* _TASK OBJECTIVE_: Reproduce the entire listing exactly as written, apart from its pictures.
##### DATASET CONTENT
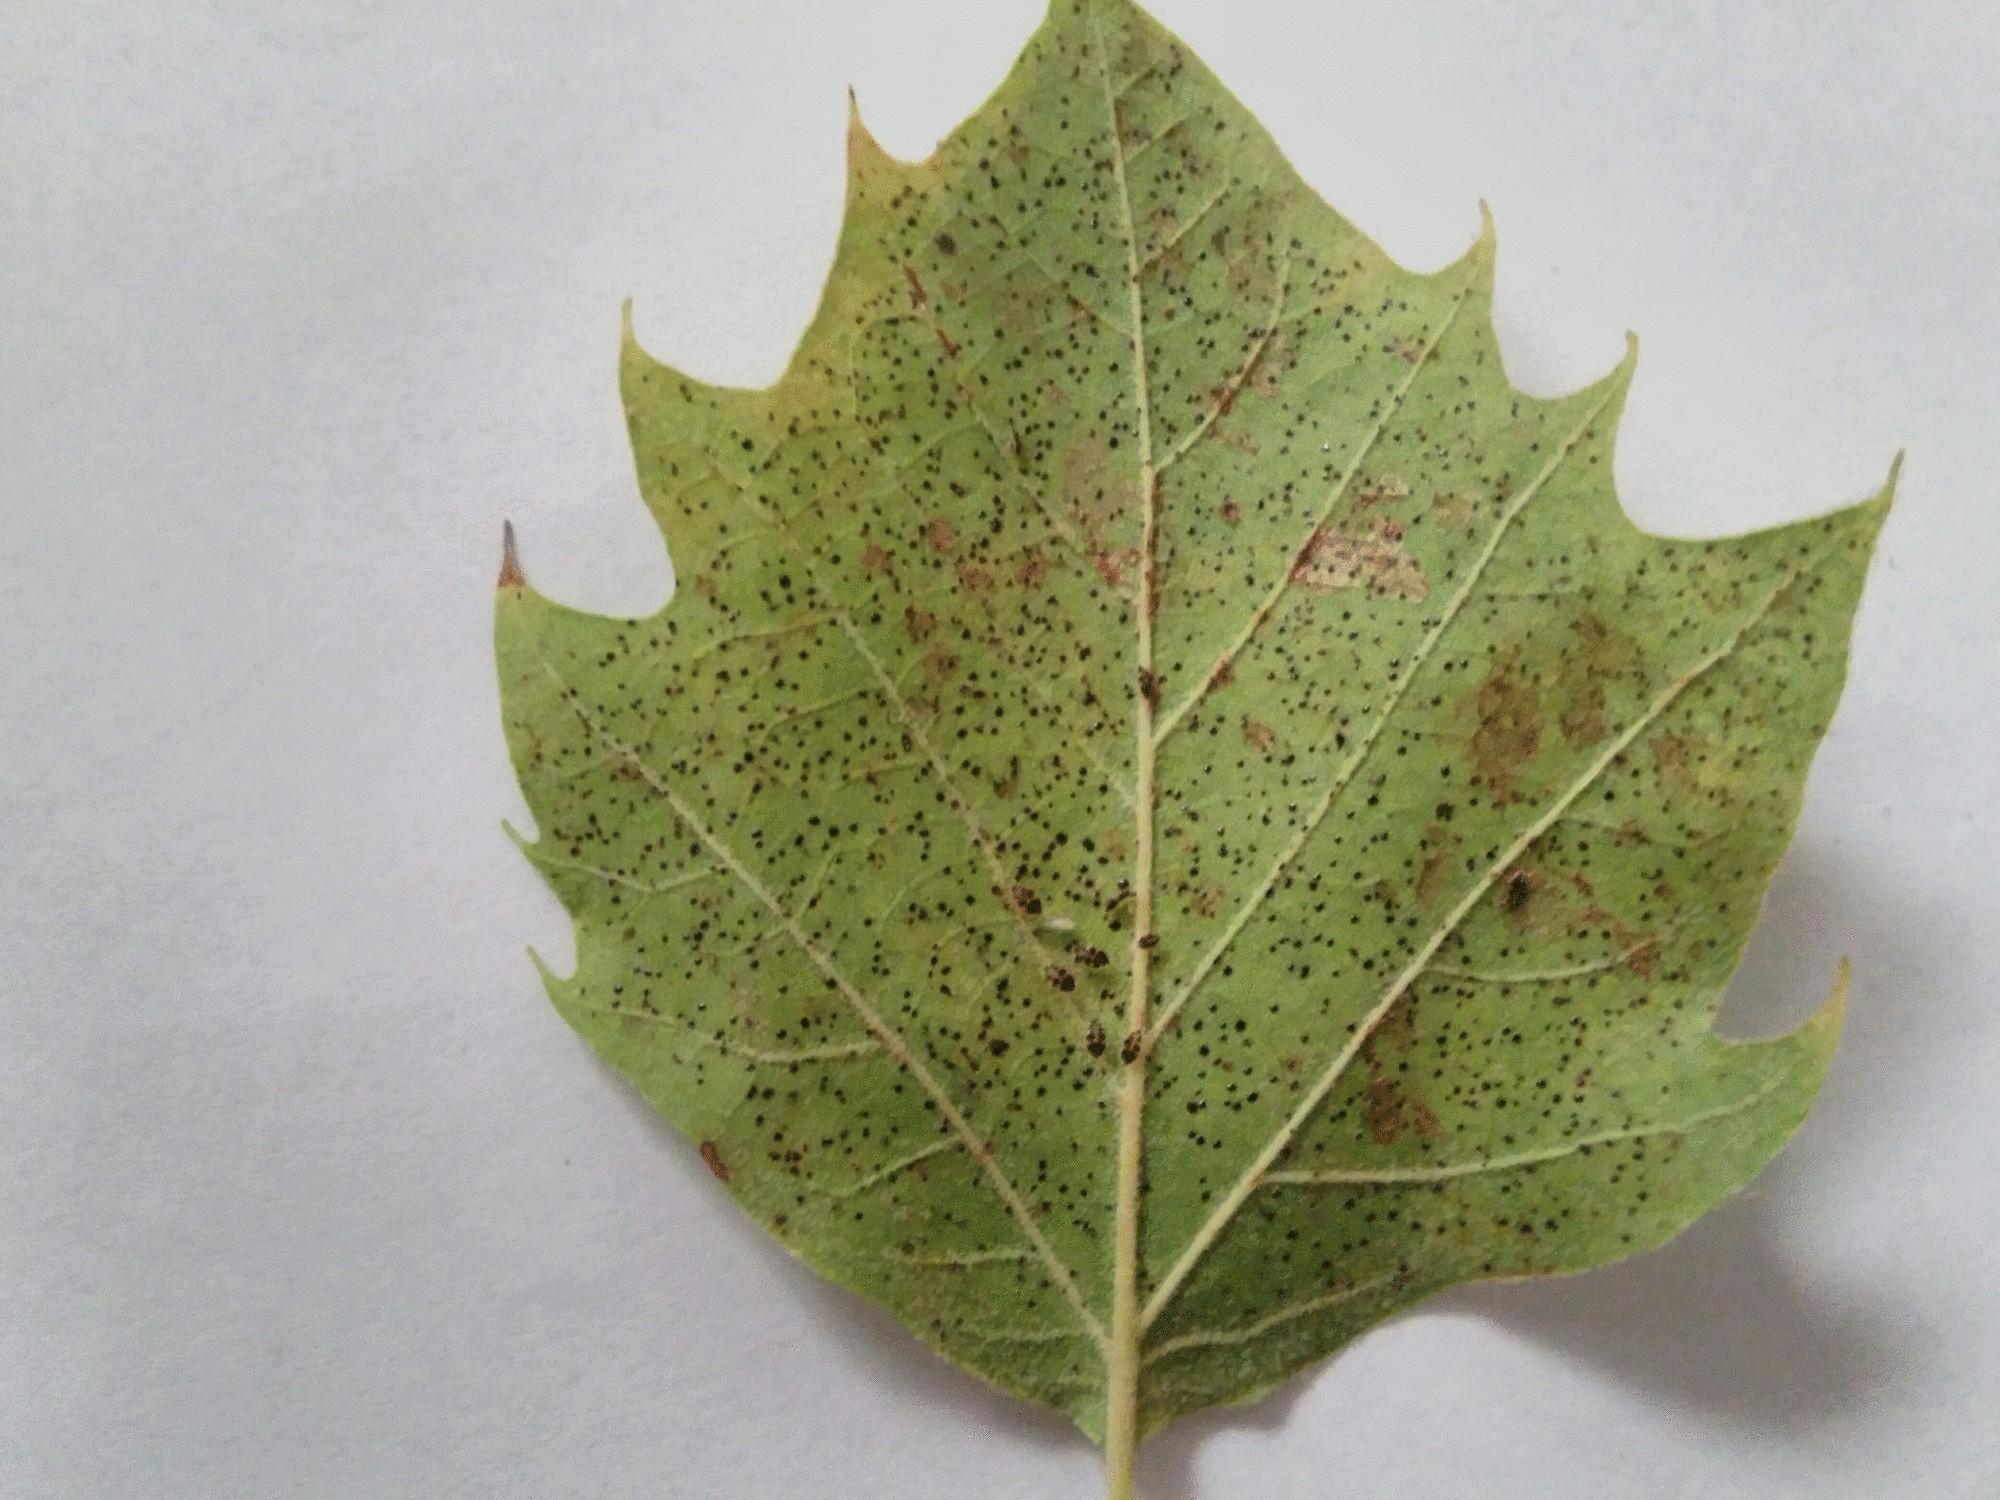 leaf with bugs.jpg
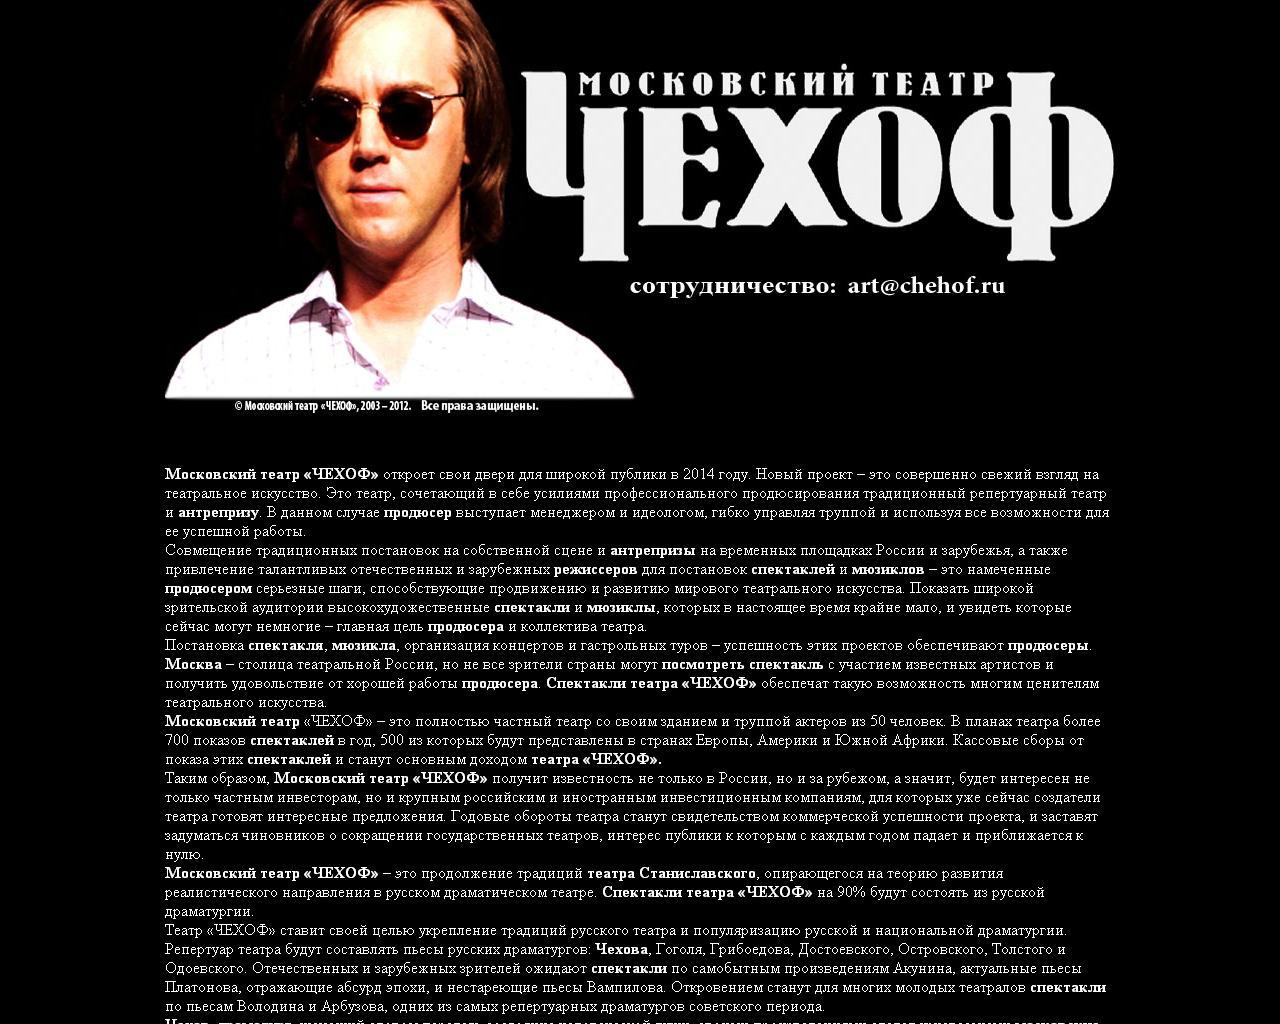 Московский театр «ЧЕХОФ»
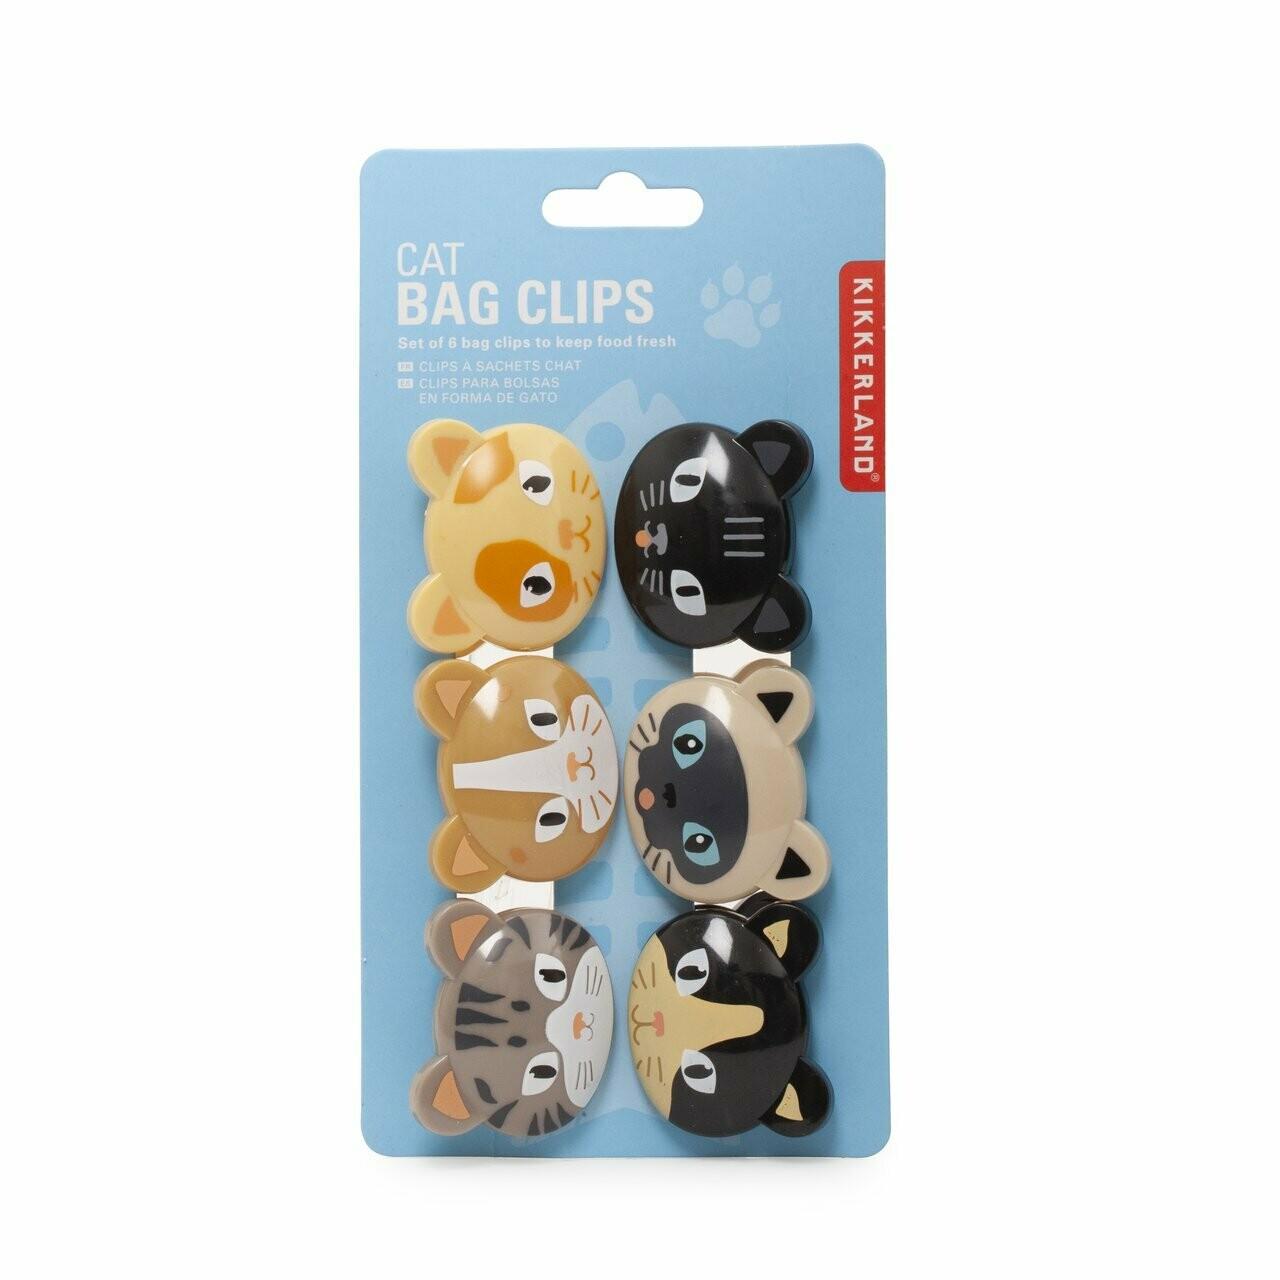 Cat Bag Clips
##########
* _THE COMPLETED TASK_:
 leaf with bugs.jpg
 Московский театр «ЧЕХОФ»
 Cat Bag Clips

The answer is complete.